Abstract & Commentary
Synopsis: The CRP and the LDL-C are independent predictors of cardiovascular risk.
Source: Ridker PM, et al. N Engl J Med. 2005;352:20-28.
Statins lower the levels of C-reactive protein (CRP) as well as the levels of LDL cholesterol (LDL-C). Whether lowering the CRP affects the clinical outcomes of statin therapy has not previously been investigated.
The study population was derived from the Pravastatin or Atorvastatin Evaluation and Infection Therapy-Thrombosis in Myocardial Infarction 22 study (PROVE IT-TIMI 22), performed between November 2000 and February 2004; it involved 4162 patients who had been hospitalized in the preceding 10 days with acute coronary syndromes.
In this study, patients in whom statin therapy resulted in LDL-C levels of less than 70 mg/dL had lower event rates than those with higher levels (2.7 vs 4.0 event per 100 person years; P = 0.008). However, virtually an identical difference was observed between those who had CRP levels less than 2 mg/L after statin therapy and those who had higher levels (2.8 vs 3.9 events per 100 person-years; P = 0.006), an effect present in all levels of LDL-C achieved.
For patients with post-treatment LDL-C levels of more than 70 mg/dL, the rates of recurrent events were 4.6 per 100 person-years among those with CRP levels of more than 2 mg/L and 3.2 events per 100 person-years among those with CRP levels of less than 2 mg/L. Although atorvastatin was more likely than pravastatin to result in low levels of LDL-C and CRP, meeting these targets was more important than the specific choice of therapy. Patients who had LDL-C levels of less than 70 mg/dL and CRP levels below 1 mg per liter after statin therapy had the lowest rate of recurrent events (1.9 per 100 person years).

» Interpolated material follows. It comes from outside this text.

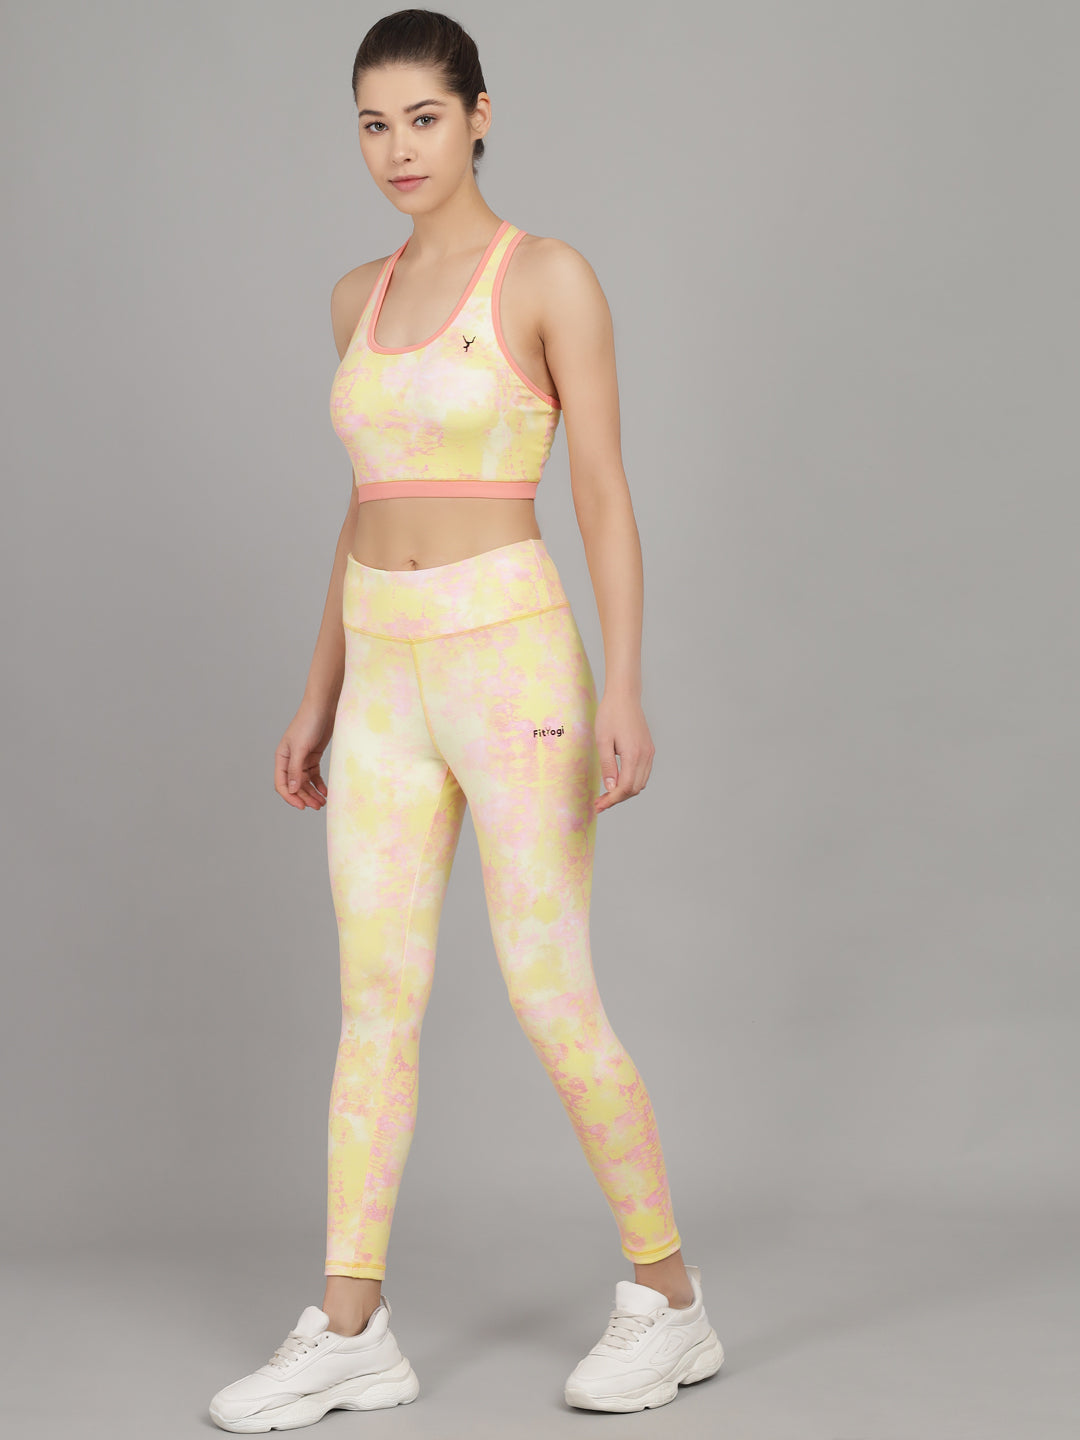 Mustard Yellow Stretchable Yoga Sets Tracksuit/gym Sports Set Of Sports Bra And Legging

Ridker and colleagues concluded that patients who have low CRP levels after statin therapy have better clinical outcomes than those with higher CRP levels, regardless of the resultant level of LDL-C. Strategies to lower the cardiovascular risk with statins should include monitoring CRP as well as cholesterol.
Comment by Ralph R. Hall, MD, FACP
In a second article in the same issue of The New England Journal of Medicine,1 Nissen and associates add support to the individual contributions of lipid lowering and the CRP.
Nissen et al performed ultrasonography on 502 patients with angiographically documented coronary disease. Patients were randomly assigned to receive pravastatin 40 mg daily or atorvastatin 80 mg/d. Ultrasonagraphy was repeated after 18 months to measure progression of atherosclerosis. Lipoprotein and CRP levels were measured at base line and at follow-up.
They found a reduced rate of progression of atherosclerosis associated with the more intense atorvastatin therapy than with pravastatin. These findings were significantly related to both the lower lipid levels and the CRP. They suggested that "the level of CRP may ultimately represent an important therapeutic target."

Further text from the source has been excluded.